Record excerpts:
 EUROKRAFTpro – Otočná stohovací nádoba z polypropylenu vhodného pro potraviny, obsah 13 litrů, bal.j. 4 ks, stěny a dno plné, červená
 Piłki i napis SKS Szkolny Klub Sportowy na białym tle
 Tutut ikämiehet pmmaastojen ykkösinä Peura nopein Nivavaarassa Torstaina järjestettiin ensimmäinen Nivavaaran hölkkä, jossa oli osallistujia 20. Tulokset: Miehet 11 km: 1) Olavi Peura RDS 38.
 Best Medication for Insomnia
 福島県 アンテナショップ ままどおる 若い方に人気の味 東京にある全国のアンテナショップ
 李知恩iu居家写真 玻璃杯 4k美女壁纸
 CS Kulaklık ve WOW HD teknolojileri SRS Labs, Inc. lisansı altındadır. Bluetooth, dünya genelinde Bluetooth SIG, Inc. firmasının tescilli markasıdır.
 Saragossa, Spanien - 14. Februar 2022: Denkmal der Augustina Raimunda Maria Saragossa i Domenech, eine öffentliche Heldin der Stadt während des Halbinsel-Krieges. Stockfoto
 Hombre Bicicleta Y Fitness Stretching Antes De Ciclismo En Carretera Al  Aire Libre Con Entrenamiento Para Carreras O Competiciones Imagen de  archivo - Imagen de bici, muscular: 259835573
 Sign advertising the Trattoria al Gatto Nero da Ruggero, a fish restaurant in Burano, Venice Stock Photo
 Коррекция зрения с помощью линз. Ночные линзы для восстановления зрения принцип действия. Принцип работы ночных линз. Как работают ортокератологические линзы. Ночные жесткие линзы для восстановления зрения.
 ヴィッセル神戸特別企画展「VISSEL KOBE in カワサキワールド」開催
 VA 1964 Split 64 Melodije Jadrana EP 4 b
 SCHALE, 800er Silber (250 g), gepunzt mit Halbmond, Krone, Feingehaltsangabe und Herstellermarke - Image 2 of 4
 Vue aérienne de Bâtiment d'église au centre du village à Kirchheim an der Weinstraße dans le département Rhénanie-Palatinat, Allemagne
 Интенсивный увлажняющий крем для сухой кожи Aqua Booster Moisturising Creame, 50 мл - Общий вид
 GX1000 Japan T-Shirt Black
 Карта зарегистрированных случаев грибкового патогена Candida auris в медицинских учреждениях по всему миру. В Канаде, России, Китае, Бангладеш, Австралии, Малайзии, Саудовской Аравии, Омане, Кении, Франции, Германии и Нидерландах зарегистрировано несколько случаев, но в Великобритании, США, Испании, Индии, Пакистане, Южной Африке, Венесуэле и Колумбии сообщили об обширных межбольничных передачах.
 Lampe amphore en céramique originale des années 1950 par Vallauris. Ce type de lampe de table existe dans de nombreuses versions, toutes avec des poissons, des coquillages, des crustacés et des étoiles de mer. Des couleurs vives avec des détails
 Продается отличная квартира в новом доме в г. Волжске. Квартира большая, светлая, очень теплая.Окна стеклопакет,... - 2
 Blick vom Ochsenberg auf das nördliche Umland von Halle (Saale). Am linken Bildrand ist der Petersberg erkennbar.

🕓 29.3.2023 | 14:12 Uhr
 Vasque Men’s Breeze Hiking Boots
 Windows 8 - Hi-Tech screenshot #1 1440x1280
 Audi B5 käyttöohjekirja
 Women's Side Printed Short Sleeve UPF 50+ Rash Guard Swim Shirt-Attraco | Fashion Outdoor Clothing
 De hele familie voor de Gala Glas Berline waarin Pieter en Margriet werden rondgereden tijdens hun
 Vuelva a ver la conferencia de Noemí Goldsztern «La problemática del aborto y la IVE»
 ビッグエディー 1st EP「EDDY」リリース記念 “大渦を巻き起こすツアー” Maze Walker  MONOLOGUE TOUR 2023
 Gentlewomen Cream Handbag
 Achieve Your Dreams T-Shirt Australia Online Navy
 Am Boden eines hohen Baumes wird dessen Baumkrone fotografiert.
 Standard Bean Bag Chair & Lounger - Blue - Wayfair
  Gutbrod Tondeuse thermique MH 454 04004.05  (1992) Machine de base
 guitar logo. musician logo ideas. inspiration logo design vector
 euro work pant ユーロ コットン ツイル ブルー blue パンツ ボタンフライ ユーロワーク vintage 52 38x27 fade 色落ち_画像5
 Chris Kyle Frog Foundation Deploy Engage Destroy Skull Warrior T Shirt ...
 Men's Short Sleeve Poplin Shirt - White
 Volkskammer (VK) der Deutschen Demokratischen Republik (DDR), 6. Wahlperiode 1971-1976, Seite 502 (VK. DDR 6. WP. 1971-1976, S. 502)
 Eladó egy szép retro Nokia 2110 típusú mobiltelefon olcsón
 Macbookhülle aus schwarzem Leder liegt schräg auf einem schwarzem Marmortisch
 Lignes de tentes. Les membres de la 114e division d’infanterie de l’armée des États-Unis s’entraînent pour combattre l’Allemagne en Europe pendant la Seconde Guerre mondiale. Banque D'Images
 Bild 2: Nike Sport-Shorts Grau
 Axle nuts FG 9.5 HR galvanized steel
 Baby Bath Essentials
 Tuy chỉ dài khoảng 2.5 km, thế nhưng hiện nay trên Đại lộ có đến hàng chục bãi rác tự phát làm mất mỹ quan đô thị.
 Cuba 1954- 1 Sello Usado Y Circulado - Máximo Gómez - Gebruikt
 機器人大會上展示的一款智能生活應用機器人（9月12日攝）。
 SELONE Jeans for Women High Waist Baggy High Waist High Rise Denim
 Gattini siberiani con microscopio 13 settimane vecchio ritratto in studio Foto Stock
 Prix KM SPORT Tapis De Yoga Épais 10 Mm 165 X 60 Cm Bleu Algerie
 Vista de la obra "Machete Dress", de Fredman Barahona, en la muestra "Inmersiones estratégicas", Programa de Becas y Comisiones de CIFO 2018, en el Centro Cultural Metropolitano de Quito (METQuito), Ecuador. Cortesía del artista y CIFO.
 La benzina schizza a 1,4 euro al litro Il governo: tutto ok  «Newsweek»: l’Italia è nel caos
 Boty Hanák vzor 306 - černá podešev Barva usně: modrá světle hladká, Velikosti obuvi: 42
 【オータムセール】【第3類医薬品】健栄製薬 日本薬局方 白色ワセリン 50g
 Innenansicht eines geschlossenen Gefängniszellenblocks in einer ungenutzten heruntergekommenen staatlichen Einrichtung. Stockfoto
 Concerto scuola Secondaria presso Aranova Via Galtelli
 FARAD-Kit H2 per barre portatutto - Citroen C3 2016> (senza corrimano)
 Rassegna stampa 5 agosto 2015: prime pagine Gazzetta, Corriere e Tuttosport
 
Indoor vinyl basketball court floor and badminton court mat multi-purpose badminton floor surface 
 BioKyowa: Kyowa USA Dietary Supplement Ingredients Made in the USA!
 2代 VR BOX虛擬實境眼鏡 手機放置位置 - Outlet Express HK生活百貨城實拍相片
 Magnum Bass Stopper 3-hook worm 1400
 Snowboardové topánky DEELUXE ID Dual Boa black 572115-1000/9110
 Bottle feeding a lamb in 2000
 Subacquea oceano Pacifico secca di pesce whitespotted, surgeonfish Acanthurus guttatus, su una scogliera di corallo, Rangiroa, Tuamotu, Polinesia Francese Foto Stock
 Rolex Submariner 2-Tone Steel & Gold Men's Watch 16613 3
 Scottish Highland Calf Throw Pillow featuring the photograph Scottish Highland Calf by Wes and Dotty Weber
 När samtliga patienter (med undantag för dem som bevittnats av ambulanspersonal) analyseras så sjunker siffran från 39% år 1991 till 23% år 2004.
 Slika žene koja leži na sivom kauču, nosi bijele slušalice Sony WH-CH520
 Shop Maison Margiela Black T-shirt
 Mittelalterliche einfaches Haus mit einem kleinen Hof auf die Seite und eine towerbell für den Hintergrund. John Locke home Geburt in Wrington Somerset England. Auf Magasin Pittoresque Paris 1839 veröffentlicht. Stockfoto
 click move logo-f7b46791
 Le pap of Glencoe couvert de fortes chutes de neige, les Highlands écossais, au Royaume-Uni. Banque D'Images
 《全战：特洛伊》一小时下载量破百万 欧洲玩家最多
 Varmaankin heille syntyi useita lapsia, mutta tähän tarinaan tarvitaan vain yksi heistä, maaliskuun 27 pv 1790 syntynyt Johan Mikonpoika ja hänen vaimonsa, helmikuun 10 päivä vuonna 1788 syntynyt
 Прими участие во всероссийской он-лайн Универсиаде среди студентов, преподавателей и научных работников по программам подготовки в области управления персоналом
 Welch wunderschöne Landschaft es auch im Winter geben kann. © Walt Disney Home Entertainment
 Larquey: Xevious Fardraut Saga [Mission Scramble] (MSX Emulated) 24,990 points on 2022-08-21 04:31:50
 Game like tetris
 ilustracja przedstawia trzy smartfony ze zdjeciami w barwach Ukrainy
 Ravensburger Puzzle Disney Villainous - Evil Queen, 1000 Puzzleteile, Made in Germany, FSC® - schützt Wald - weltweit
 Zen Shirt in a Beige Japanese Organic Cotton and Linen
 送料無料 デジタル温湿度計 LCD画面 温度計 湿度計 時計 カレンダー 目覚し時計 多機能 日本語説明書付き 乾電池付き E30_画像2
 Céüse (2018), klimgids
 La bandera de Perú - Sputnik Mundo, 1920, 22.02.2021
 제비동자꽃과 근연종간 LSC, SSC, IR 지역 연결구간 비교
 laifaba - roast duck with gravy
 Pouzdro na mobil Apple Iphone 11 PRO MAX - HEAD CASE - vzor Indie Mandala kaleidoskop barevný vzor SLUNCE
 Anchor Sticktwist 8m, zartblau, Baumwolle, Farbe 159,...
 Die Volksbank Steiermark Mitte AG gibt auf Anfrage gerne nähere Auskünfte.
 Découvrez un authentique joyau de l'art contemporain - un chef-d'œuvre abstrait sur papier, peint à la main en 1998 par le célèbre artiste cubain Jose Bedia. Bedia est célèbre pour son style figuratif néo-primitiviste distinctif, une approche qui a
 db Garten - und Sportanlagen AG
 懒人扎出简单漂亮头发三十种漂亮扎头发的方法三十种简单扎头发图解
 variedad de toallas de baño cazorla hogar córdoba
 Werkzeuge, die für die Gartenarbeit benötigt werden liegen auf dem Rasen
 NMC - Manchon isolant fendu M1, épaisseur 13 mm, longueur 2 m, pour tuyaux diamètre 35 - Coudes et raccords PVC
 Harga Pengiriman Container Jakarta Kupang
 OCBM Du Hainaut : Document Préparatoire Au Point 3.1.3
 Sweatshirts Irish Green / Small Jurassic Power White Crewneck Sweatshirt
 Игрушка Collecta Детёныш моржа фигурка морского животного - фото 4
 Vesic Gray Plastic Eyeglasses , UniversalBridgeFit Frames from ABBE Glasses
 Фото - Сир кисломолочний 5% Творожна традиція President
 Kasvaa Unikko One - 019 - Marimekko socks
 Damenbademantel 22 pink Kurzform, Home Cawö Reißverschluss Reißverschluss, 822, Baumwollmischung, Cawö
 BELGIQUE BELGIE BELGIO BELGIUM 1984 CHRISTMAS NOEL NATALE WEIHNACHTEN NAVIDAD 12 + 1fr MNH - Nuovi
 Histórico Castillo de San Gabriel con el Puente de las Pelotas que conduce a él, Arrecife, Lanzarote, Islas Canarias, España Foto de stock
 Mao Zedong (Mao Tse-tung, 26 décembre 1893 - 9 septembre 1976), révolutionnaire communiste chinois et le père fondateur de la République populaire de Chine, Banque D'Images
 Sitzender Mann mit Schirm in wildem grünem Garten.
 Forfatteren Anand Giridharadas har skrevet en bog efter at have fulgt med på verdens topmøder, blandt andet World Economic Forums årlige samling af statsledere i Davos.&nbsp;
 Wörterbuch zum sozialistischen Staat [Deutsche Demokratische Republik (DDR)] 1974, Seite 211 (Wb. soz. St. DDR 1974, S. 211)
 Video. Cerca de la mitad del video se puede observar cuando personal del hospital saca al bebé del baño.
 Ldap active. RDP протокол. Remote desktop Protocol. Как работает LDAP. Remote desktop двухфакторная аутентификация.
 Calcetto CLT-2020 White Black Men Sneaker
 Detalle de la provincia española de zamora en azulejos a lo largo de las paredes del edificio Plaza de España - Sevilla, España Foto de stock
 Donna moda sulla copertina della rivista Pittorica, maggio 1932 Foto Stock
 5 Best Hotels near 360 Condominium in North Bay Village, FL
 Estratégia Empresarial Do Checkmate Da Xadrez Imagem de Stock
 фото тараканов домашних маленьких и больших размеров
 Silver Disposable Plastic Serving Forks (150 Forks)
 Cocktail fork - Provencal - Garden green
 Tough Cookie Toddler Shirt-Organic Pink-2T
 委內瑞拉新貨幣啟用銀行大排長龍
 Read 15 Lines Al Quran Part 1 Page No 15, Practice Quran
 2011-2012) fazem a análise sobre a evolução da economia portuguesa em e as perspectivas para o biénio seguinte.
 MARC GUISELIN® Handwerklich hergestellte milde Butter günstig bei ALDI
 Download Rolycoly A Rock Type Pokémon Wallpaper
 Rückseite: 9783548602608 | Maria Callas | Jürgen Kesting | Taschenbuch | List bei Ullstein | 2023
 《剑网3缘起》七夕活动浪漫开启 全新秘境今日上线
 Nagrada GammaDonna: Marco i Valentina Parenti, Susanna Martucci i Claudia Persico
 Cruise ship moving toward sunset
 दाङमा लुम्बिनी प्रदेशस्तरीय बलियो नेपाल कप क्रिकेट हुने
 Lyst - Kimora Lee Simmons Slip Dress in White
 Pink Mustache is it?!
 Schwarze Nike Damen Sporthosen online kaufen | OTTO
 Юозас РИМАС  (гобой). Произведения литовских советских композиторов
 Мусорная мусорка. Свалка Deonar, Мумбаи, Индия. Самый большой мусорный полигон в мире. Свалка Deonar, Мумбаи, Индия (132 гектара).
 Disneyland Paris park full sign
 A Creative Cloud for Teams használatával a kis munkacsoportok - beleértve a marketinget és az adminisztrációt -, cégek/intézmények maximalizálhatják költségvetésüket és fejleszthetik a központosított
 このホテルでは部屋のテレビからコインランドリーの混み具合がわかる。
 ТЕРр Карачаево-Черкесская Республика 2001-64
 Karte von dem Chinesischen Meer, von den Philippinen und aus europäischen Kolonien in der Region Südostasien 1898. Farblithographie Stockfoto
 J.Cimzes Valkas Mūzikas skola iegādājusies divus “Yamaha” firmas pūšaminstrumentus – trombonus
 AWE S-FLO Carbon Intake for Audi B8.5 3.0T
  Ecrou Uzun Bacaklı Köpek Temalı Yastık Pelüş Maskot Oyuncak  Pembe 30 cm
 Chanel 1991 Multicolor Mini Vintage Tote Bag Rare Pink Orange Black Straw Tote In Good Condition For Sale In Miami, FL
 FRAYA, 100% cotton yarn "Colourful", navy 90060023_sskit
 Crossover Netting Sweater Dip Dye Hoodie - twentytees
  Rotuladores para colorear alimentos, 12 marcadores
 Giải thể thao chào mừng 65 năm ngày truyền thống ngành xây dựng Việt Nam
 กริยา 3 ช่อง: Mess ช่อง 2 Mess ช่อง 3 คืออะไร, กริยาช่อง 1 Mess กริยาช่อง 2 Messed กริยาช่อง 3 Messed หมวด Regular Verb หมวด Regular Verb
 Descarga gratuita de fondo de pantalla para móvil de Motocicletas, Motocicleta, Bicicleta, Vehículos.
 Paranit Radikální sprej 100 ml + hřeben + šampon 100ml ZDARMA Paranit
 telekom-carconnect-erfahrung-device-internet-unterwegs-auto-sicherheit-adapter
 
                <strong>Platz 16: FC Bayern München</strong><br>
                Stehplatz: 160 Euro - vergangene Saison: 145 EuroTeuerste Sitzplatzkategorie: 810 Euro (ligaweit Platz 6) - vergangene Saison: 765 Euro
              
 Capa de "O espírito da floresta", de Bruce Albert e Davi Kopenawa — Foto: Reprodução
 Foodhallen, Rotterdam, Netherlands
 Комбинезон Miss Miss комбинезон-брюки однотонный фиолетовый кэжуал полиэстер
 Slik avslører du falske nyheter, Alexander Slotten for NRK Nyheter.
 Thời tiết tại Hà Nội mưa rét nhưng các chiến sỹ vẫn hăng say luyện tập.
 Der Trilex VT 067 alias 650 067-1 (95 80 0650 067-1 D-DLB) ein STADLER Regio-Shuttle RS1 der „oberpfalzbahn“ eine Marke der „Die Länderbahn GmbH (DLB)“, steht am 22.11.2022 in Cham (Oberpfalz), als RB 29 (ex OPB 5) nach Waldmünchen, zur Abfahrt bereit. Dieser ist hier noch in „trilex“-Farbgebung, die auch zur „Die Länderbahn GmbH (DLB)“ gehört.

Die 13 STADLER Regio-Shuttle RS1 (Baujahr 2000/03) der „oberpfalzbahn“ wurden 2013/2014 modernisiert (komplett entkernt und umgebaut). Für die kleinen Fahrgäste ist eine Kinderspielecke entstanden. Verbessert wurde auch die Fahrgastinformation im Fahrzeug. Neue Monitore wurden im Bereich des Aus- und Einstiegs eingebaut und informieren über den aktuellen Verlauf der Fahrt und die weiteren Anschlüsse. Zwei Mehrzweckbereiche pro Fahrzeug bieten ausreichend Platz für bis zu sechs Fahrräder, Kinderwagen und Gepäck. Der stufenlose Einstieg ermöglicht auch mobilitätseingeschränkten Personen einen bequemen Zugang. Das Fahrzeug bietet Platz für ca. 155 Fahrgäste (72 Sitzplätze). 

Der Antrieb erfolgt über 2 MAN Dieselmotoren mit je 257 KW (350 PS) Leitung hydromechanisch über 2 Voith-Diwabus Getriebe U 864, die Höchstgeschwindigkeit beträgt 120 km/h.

Required work:
A verbatim transcription is needed of the lines above, starting at the line with "Game like tetris" and ending at the line with "Sweatshirts Irish Green", both included, and of nothing else.

Solution below:
 Game like tetris
 ilustracja przedstawia trzy smartfony ze zdjeciami w barwach Ukrainy
 Ravensburger Puzzle Disney Villainous - Evil Queen, 1000 Puzzleteile, Made in Germany, FSC® - schützt Wald - weltweit
 Zen Shirt in a Beige Japanese Organic Cotton and Linen
 送料無料 デジタル温湿度計 LCD画面 温度計 湿度計 時計 カレンダー 目覚し時計 多機能 日本語説明書付き 乾電池付き E30_画像2
 Céüse (2018), klimgids
 La bandera de Perú - Sputnik Mundo, 1920, 22.02.2021
 제비동자꽃과 근연종간 LSC, SSC, IR 지역 연결구간 비교
 laifaba - roast duck with gravy
 Pouzdro na mobil Apple Iphone 11 PRO MAX - HEAD CASE - vzor Indie Mandala kaleidoskop barevný vzor SLUNCE
 Anchor Sticktwist 8m, zartblau, Baumwolle, Farbe 159,...
 Die Volksbank Steiermark Mitte AG gibt auf Anfrage gerne nähere Auskünfte.
 Découvrez un authentique joyau de l'art contemporain - un chef-d'œuvre abstrait sur papier, peint à la main en 1998 par le célèbre artiste cubain Jose Bedia. Bedia est célèbre pour son style figuratif néo-primitiviste distinctif, une approche qui a
 db Garten - und Sportanlagen AG
 懒人扎出简单漂亮头发三十种漂亮扎头发的方法三十种简单扎头发图解
 variedad de toallas de baño cazorla hogar córdoba
 Werkzeuge, die für die Gartenarbeit benötigt werden liegen auf dem Rasen
 NMC - Manchon isolant fendu M1, épaisseur 13 mm, longueur 2 m, pour tuyaux diamètre 35 - Coudes et raccords PVC
 Harga Pengiriman Container Jakarta Kupang
 OCBM Du Hainaut : Document Préparatoire Au Point 3.1.3
 Sweatshirts Irish Green / Small Jurassic Power White Crewneck Sweatshirt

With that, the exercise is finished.